TASK TO CARRY OUT:
Beginning with the line containing "Two kids in" and ending with the line containing "A piece of Sachertorte", write out each line of the records below exactly; pictures and lines outside that range are left out.

INPUT DATA:
===

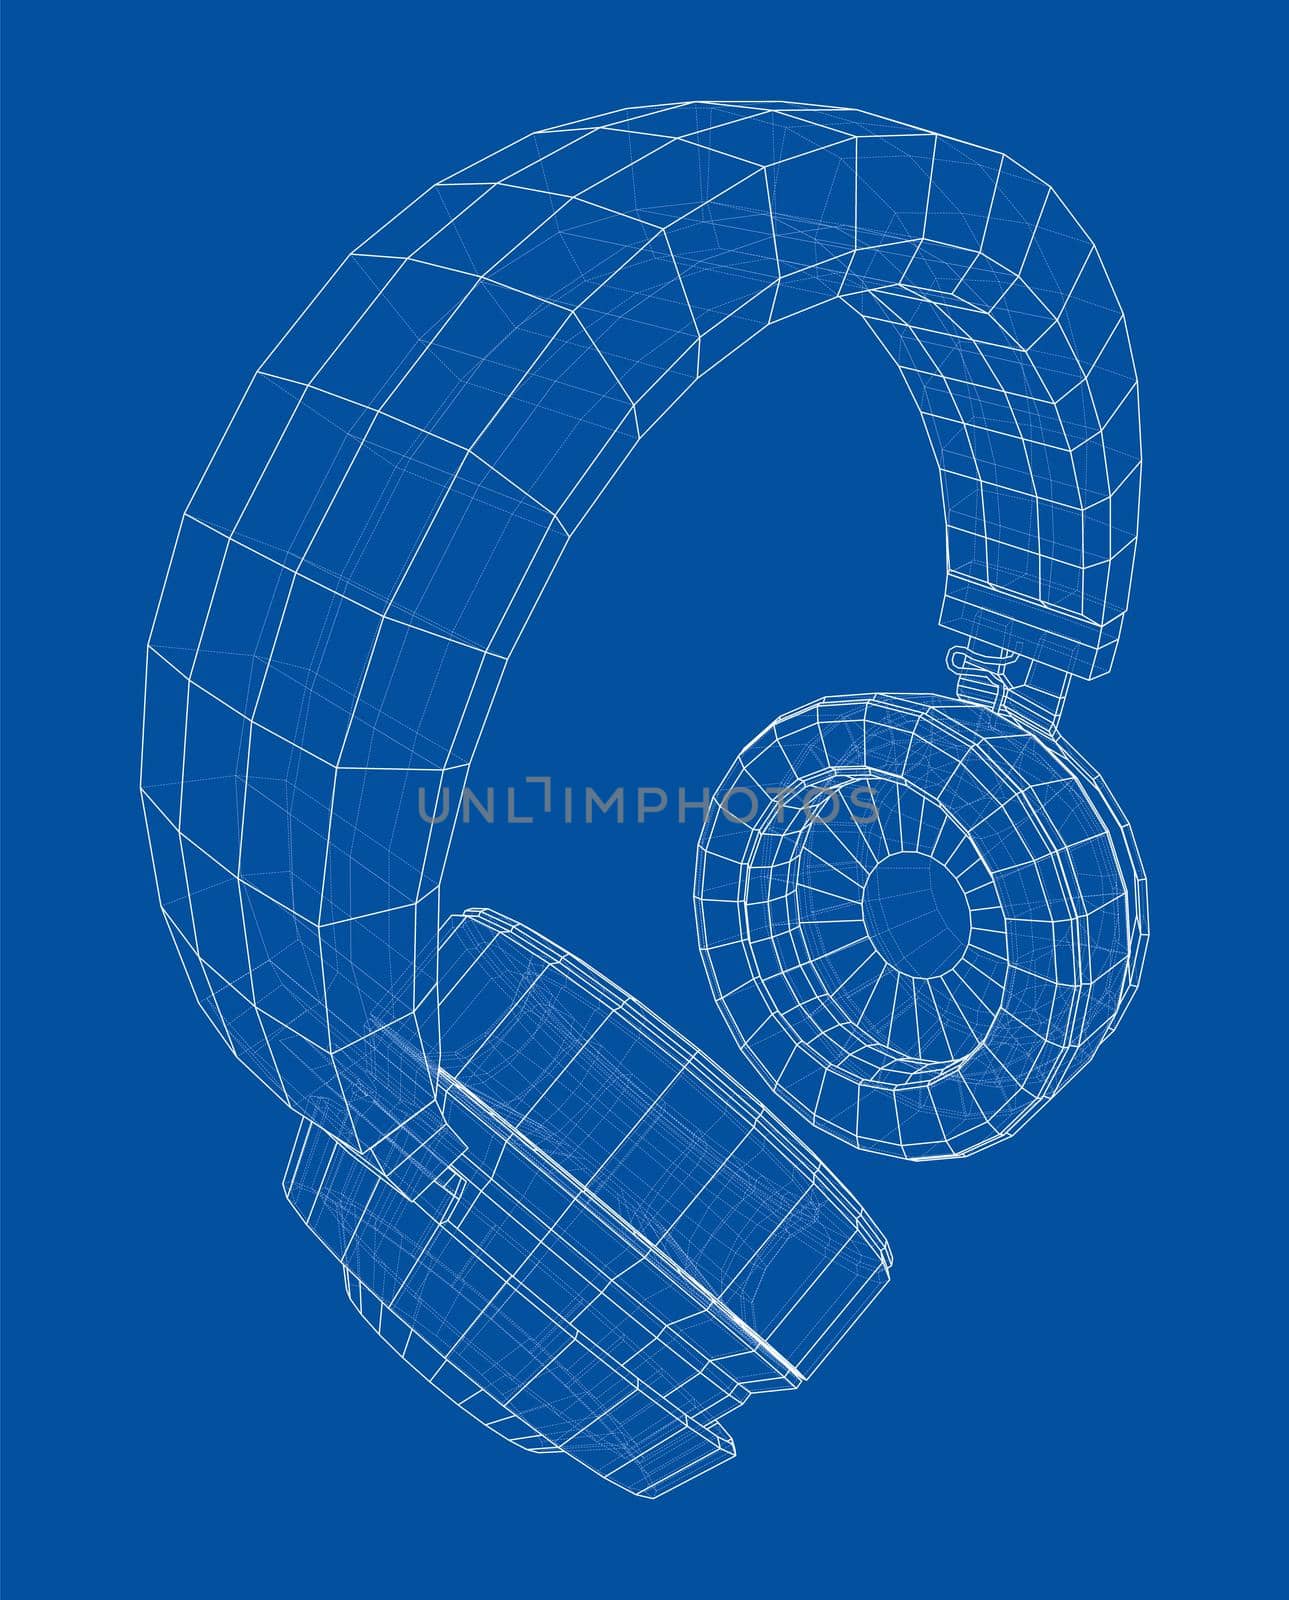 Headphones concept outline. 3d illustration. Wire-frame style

===

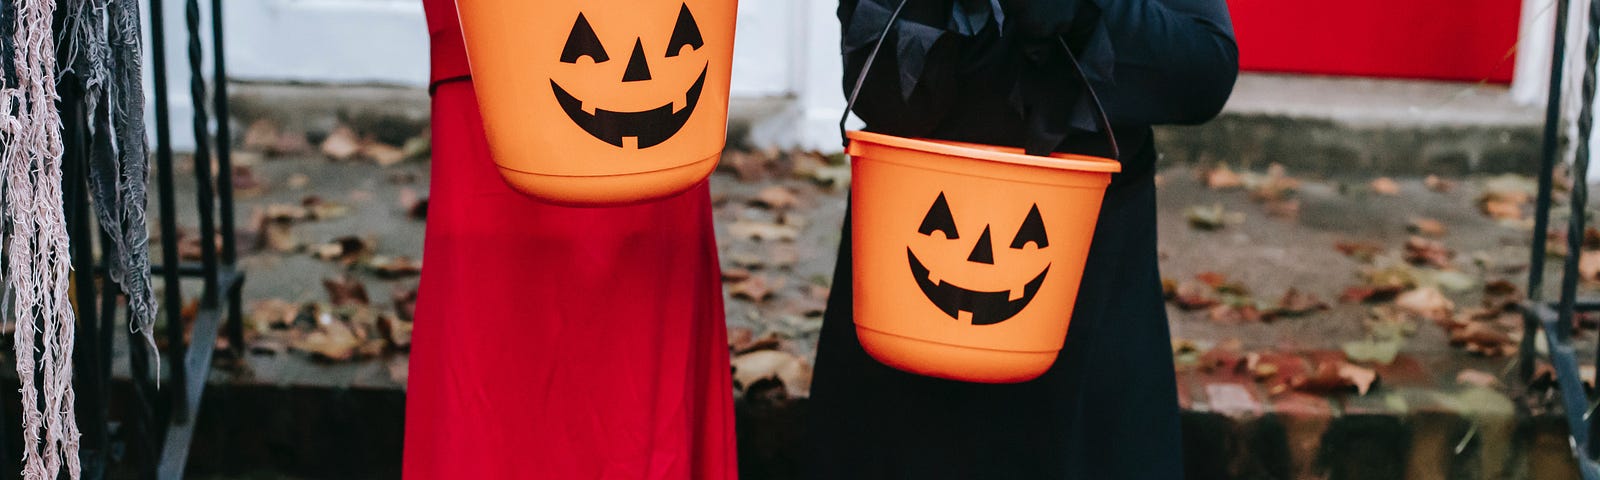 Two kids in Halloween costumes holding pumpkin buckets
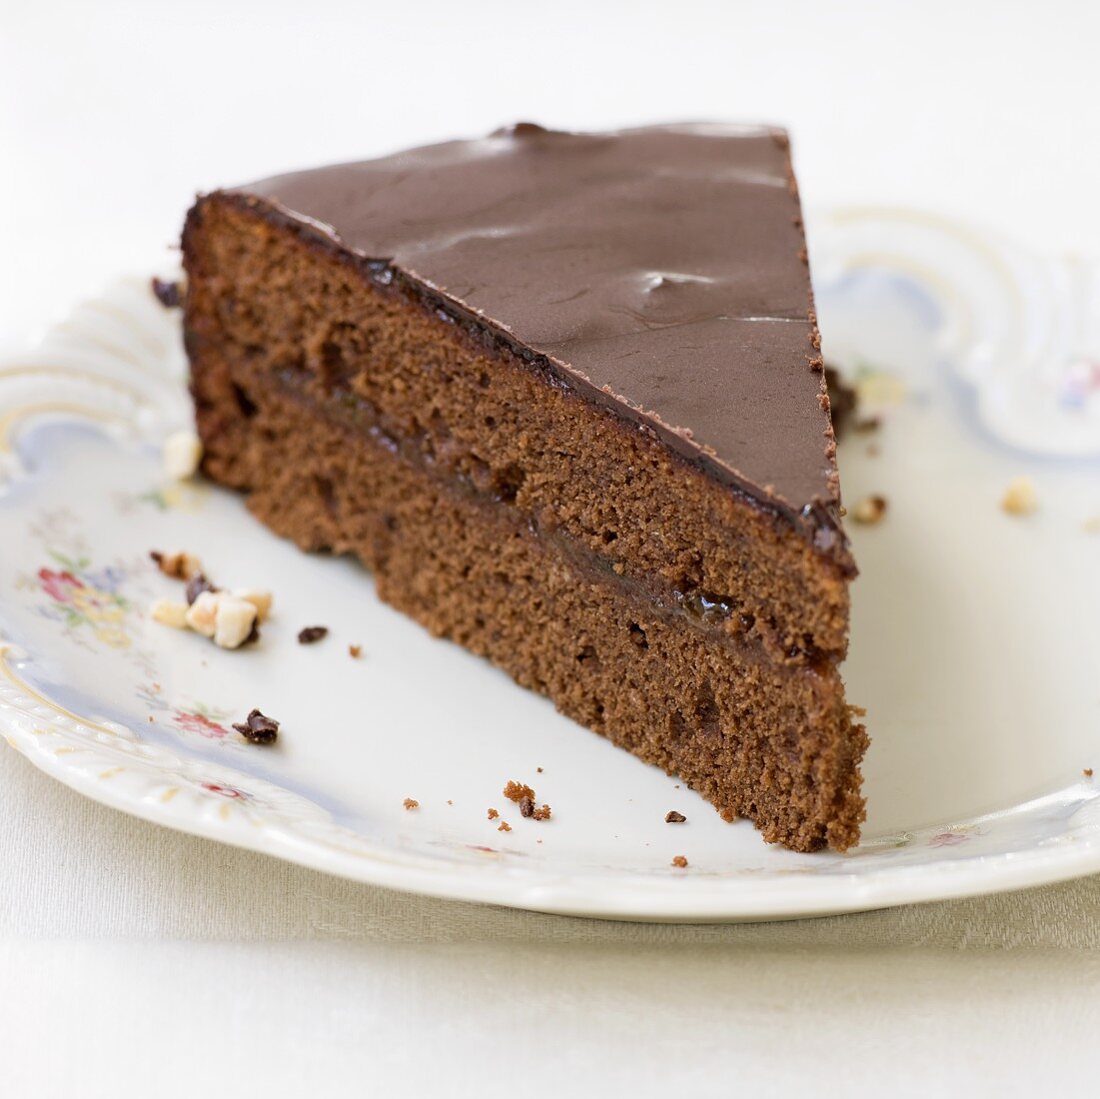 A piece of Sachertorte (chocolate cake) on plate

===

RESPONSE TO THE EXERCISE:
 Two kids in Halloween costumes holding pumpkin buckets
 A piece of Sachertorte (chocolate cake) on plate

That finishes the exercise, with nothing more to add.